USF&G settled the coverage action, paying in excess of $975 million to resolve the asbestos claims. USF&G then sought to recover approximately $391 million of its settlement from its reinsurers. The reinsurance treaties provided “excess of loss” coverage, pursuant to which the reinsurers agreed to pay USF&G for any amount over $100,000 of any loss occurring during the period covered by the treaties. The reinsurance treaties, like the primary policies, did not contain an aggregate limit. The reinsurance treaties also contained a standard “follow the settlements” clause.

Some of the reinsurers disputed USF&G’s allocation of the settlement to the reinsurance treaties on the grounds that: (1) all of the settlement amount was attributable to claims within the limits of USF&G’s policies, and none of it to the bad faith claims against USF&G; (2) the asbestos claims with lung cancer injuries had a value of $200,000 each, while certain other claims had values of $50,000 or less; and (3) that USF&G’s entire settlement should be allocated the policy in force in 1959, the last full year in which USF&G had issued coverage to the insured, rather than allocated on a pro rata basis under each of the policies that USF&G had issued (which would have resulted in few, if any losses exceeding the $100,000 retention in the reinsurance treaties).

The New York Court of Appeals noted, and the parties did not dispute, that it is well settled that the follow the fortunes clause in the reinsurance treaties prohibited the reinsurer from challenging “whether and for how much” to settle the claims. American Re-Ins. Co., 2013 N.Y. Slip Op. 00784 at 7 (citation omitted). This is because the cedent’s and reinsurer’s interests are likely aligned in this regard. Id.

The Court noted, however, that the cedent’s and reinsurer’s interests often conflict with respect to a cedent’s allocation of settlement amounts under the follow the settlements clause, as the cedent may try and maximize its reinsurance recoverables. 8. While a follow the settlements clause does require deference to a cedent’s decision on allocation, 8-9 (citing and agreeing with leading cases on subject), this “is not to say that [such decisions] are immune from scrutiny.” 10. “[C]ourts generally hold that a reinsurer is bound only by a cedent’s ‘good faith’ decisions.” Id.The allocation decisions of a cedent must be “objectively reasonable,” meaning that the cedent’s allocation “must be one that the parties to the settlement of the underlying insurance claims might reasonably have arrived at in arm’s length negotiations if the reinsurance did not exist,” without regard to the cedent’s motives and interests. 11.

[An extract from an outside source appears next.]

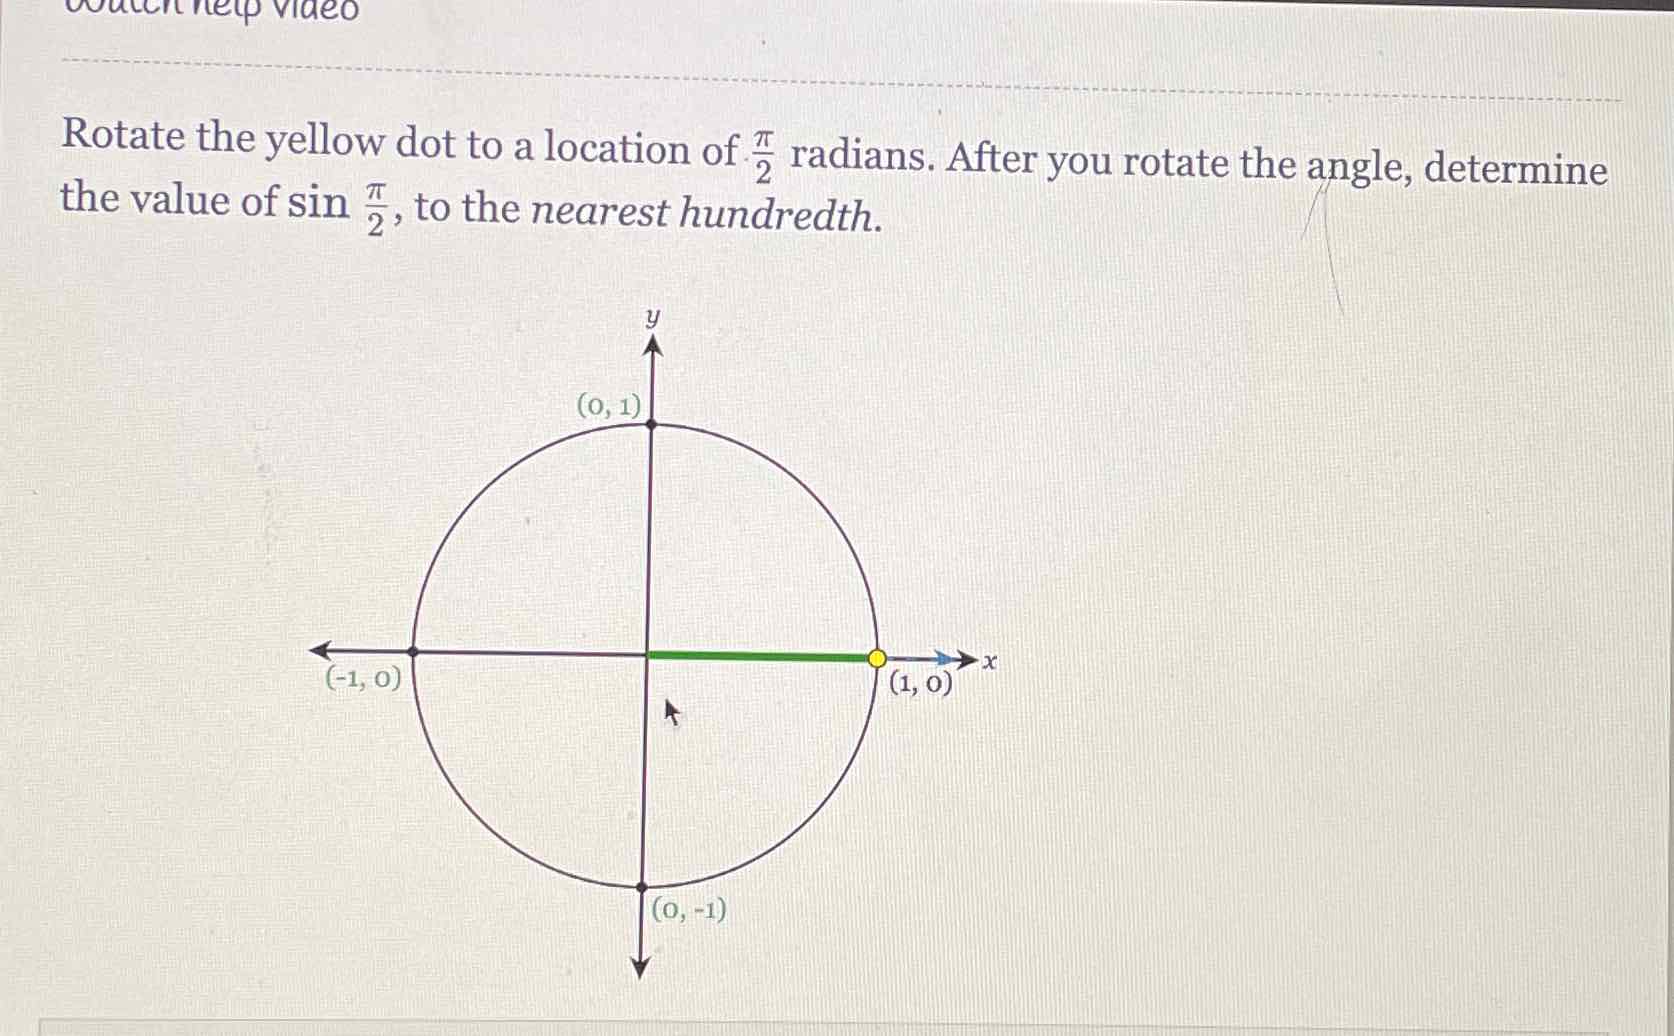 Rotate the yellow dot to a location of \( \frac{\pi}{2} \) radians. After you rotate the angle, determine the value of \( \sin \frac{\pi}{2} \), to the nearest hundredth.

Thus, reasonableness would not be established solely by showing that the cedent’s allocation for reinsurance purposes was the same as the allocation that the cedent, MacArthur and the asbestos claimants actually adopted in the underlying claims. Such a rule would invite collusion between underlying claimants and cedents, incentivizing the development and allocation of settlements so as to shift the burden to reinsurers.

The Court concluded evidence had been presented that could support the conclusion that two aspects of USF&G’s allocation were unreasonable. First, USF&G did not allocate any amounts toward the settlement of MacArthur’s bad faith claim, for which there was evidence that USF&G has previously quantified that claim. Second, USF&G had apparently valued the asbestos claims differently during the underlying disputes than it had in its allocation. Based on this evidence, a factual issue was presented. However, the Court concluded that USF&G’s allocation of the entire loss to a single policy in effect in 1959 was permissible under California law and could not be challenged.

The New York Court of Appeals decision is significant in that it concludes that the cedent’s allocation decisions may be challenged if the reinsurer can establish that they are not objectively reasonable, even if the reinsurance treaty contains a follow the settlements clause. In determining objective reasonableness, evidence from the underlying claims against the insured and from the underlying coverage litigation against the cedent may be considered and controlling.